The Environment can be imported. Every environment takes an ActionMode and ObservationConfig which will help determine the inputs actions and the observations the environment will make.

Every Observation consists of the below data points which are captured in the demos.

class Observation(object):
    """Storage for both visual and low-dimensional observations."""

    def __init__(self,
                left_shoulder_rgb: np.ndarray,
                left_shoulder_depth: np.ndarray,
                left_shoulder_mask: np.ndarray,
                right_shoulder_rgb: np.ndarray,
                right_shoulder_depth: np.ndarray,
                right_shoulder_mask: np.ndarray,
                wrist_rgb: np.ndarray,
                wrist_depth: np.ndarray,
                wrist_mask: np.ndarray,
                joint_velocities: np.ndarray,
                joint_positions: np.ndarray,
                joint_forces: np.ndarray,
                gripper_open_amount: float,
                gripper_pose: np.ndarray,
                gripper_joint_positions: np.ndarray,
                gripper_touch_forces: np.ndarray,
                task_low_dim_state: np.ndarray):

Observations for an experiment can be configured using ObservationConfig.
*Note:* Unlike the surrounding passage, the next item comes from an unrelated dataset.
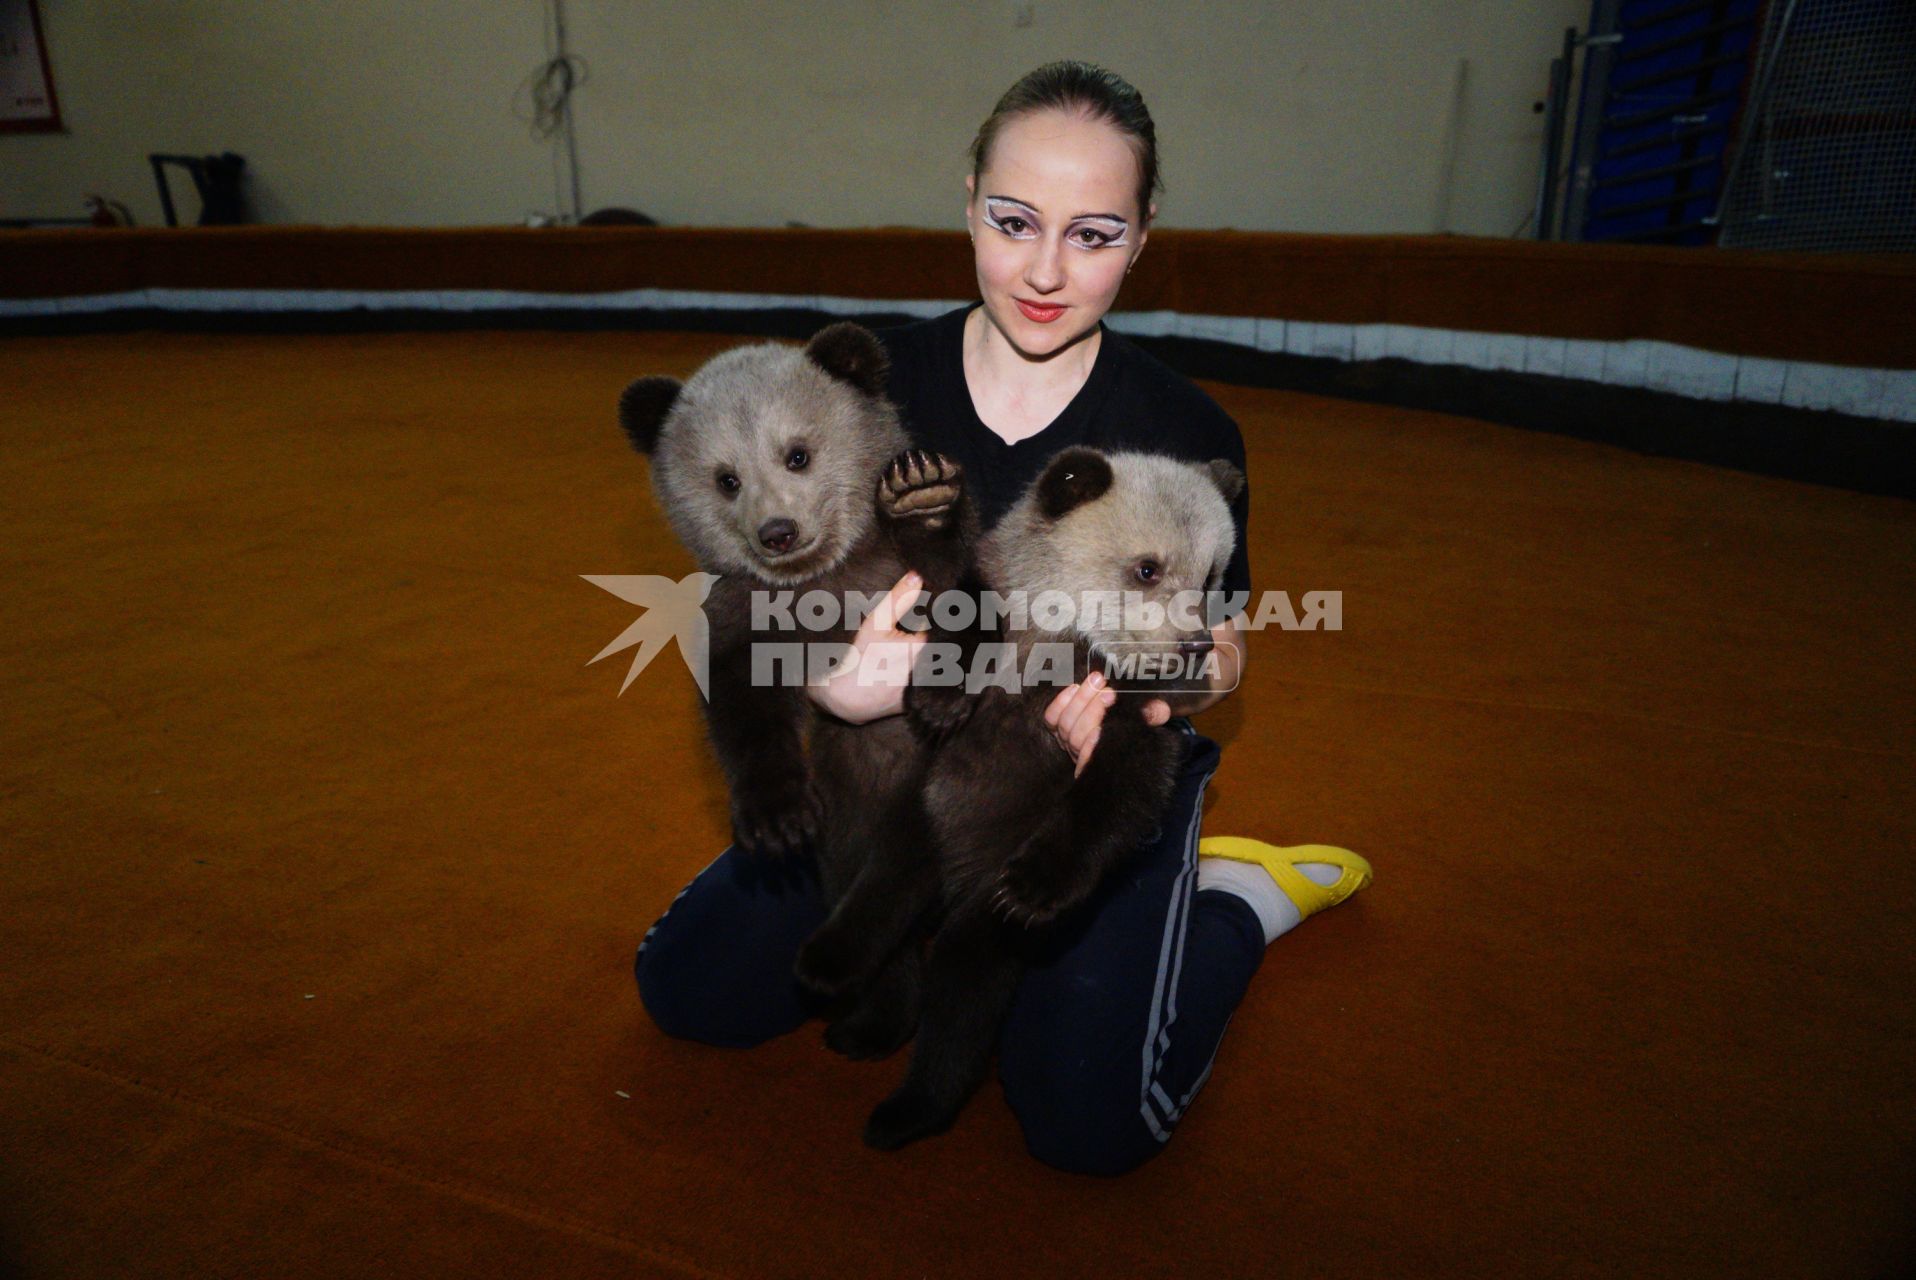 Цирковая артистка держит на руках медвежат, переданных в Екатеринбургский цирк охотниками.

obs_config = ObservationConfig()
obs_config.set_all(False)
obs_config.left_shoulder_camera.rgb = True
obs_config.right_shoulder_camera.rgb = True

ArmActionMode.ABS_JOINT_VELOCITY helps specify the what the action will mean. More action Modes available here. This basically means that when U provide an action it will expect it to mean what is selected in ArmActionMode.

from rlbench.environment import Environment
from rlbench.action_modes import ArmActionMode, ActionMode
action_mode = ActionMode(ArmActionMode.ABS_JOINT_VELOCITY)
env = Environment(
    action_mode, DATASET, obs_config, False)
# for obs_config refer to Tasks 
env.launch()

Task

Every Environment consists of tasks which can use Different Robots to do different things.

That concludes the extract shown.